» GIVEN DATA
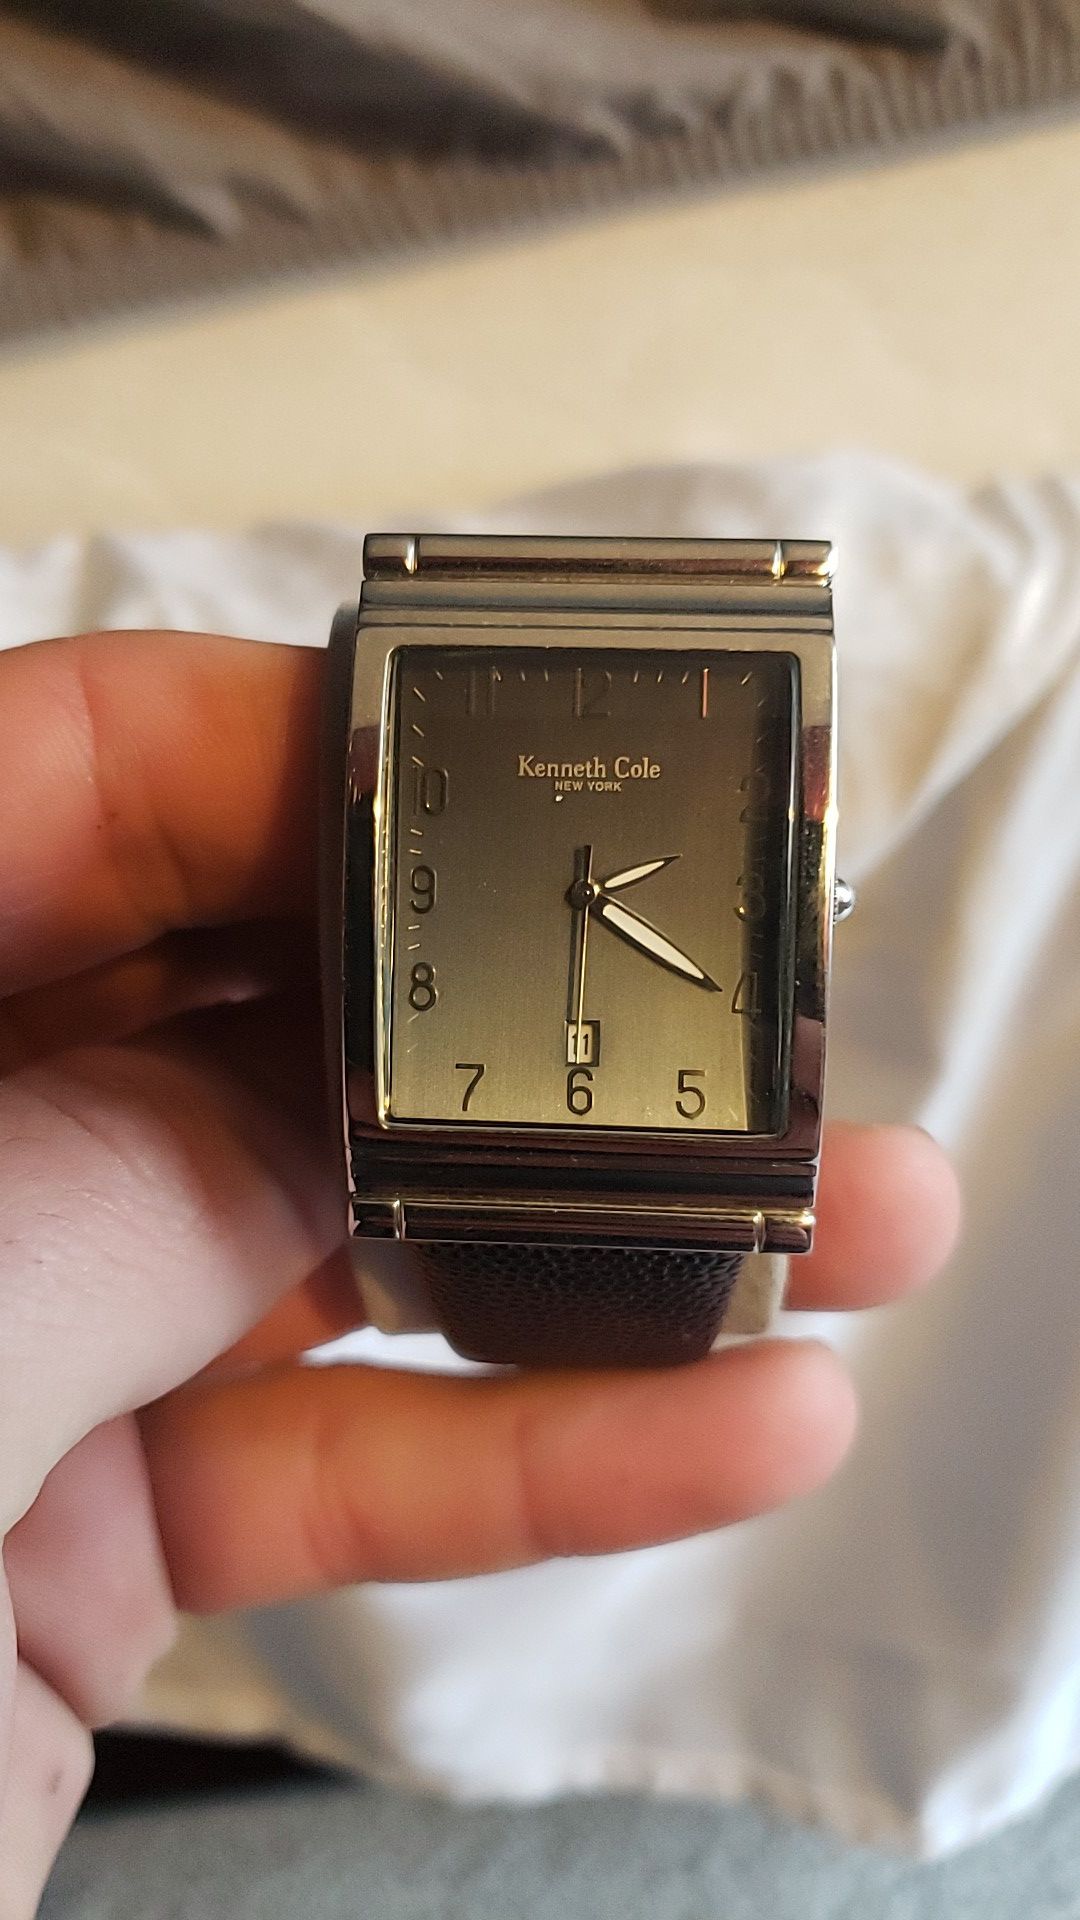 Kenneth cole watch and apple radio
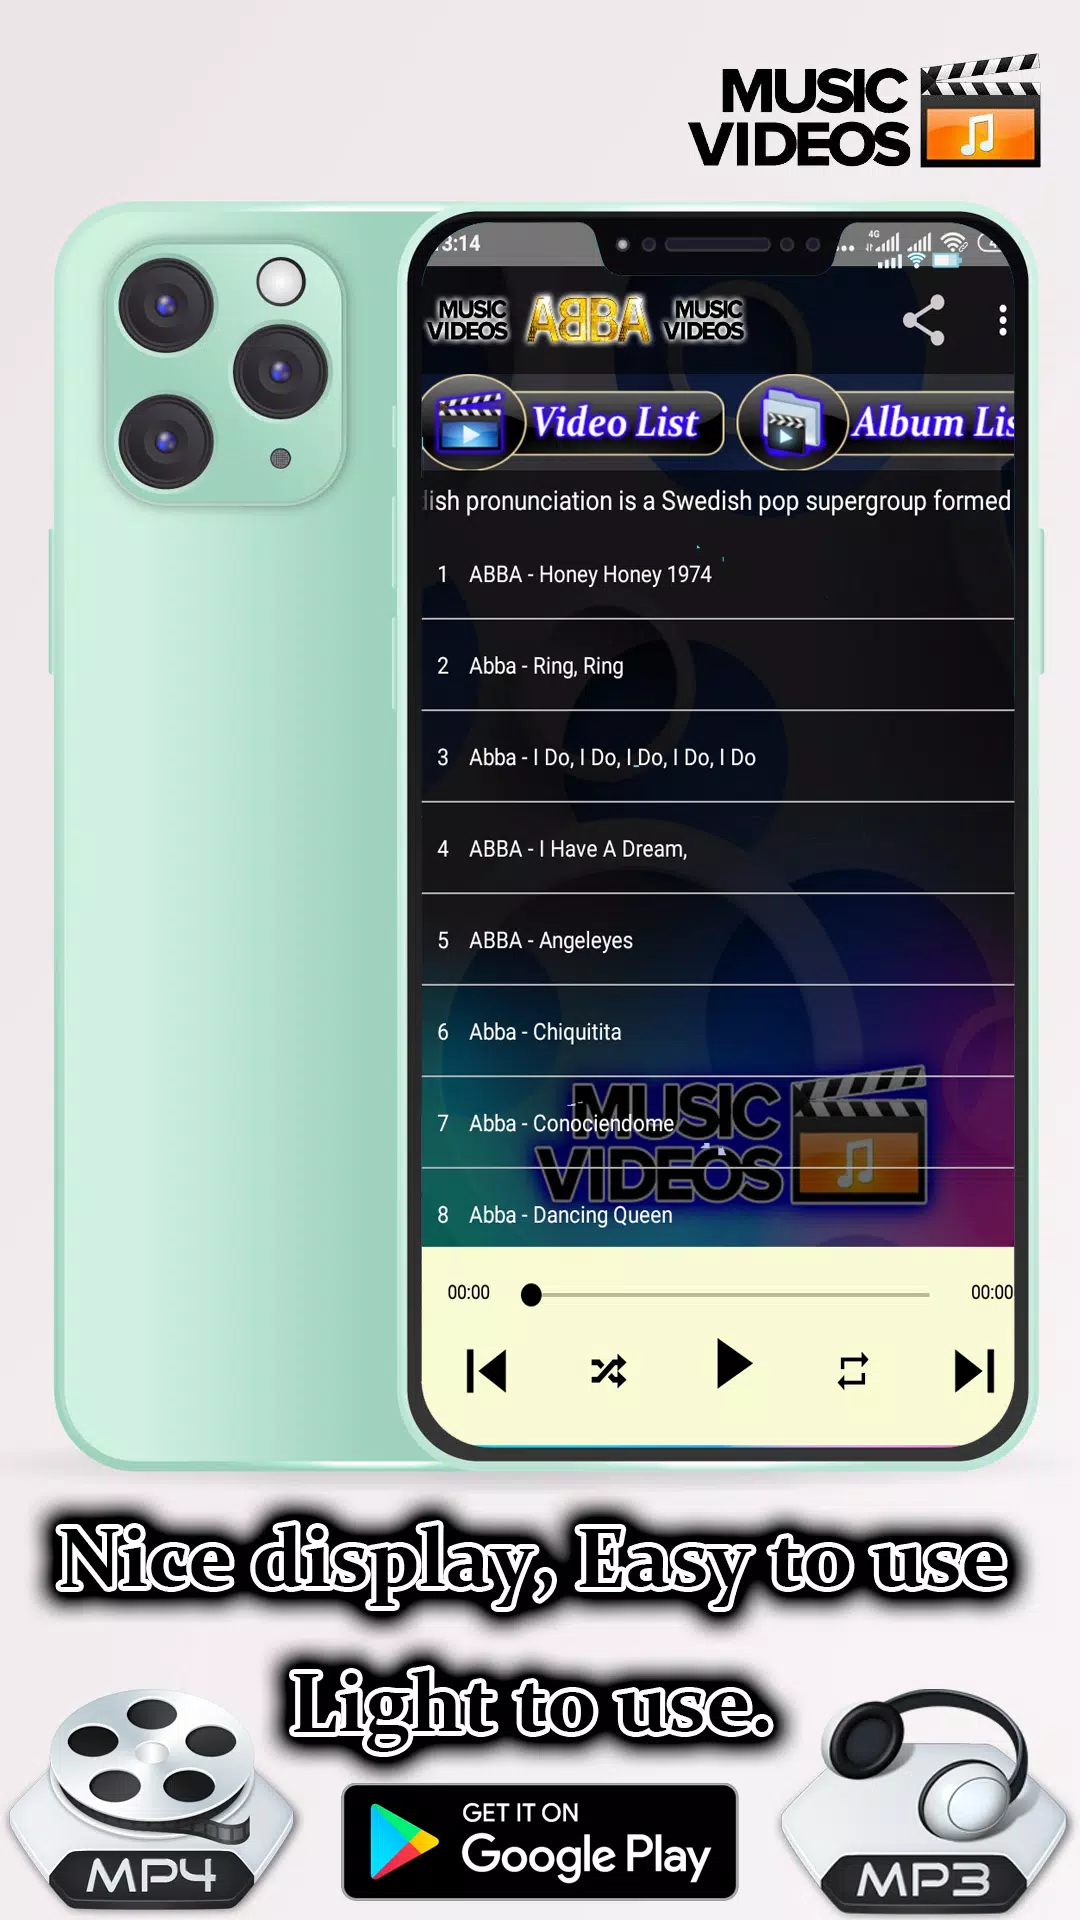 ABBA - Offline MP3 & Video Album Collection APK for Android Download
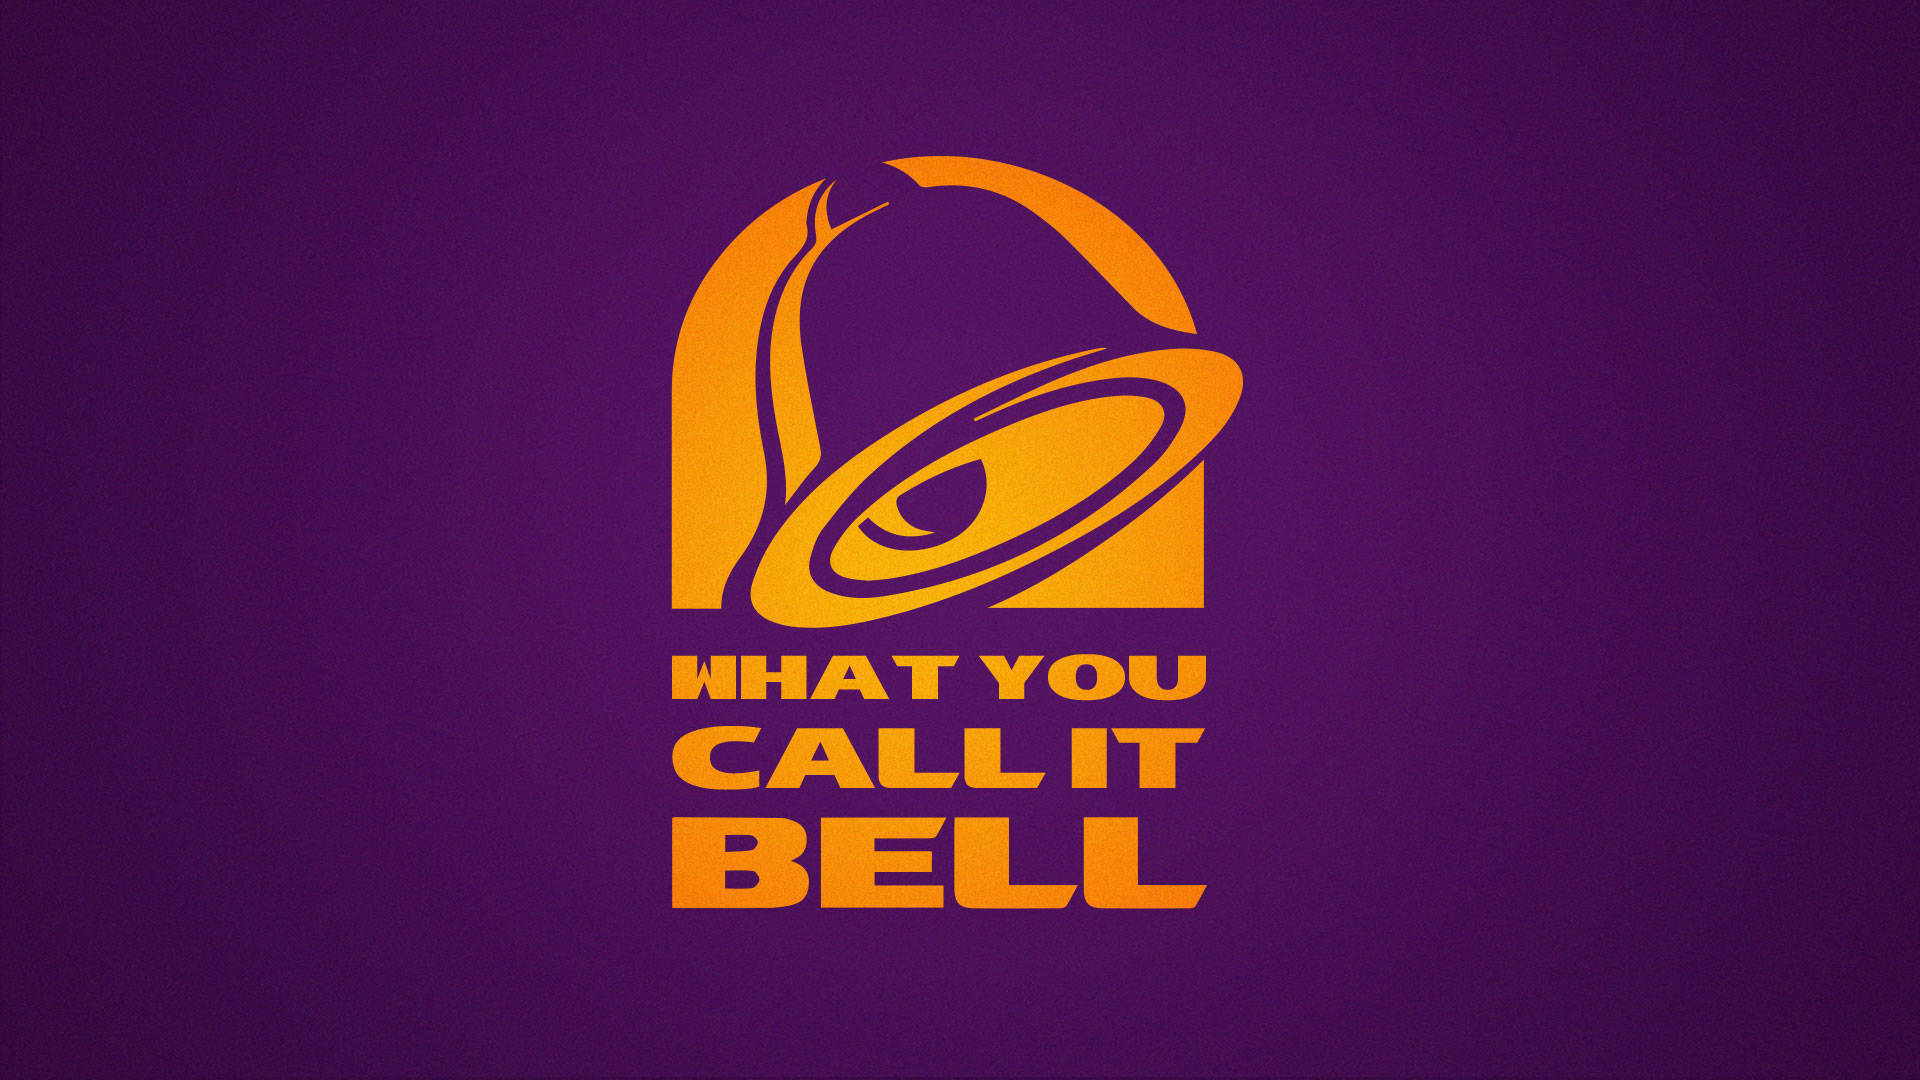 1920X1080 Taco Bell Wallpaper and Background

» WORK INSTRUCTION
For each line above, output its wording exactly and leave out any picture.

» RESPONSE
 Kenneth cole watch and apple radio
 ABBA - Offline MP3 & Video Album Collection APK for Android Download
 1920X1080 Taco Bell Wallpaper and Background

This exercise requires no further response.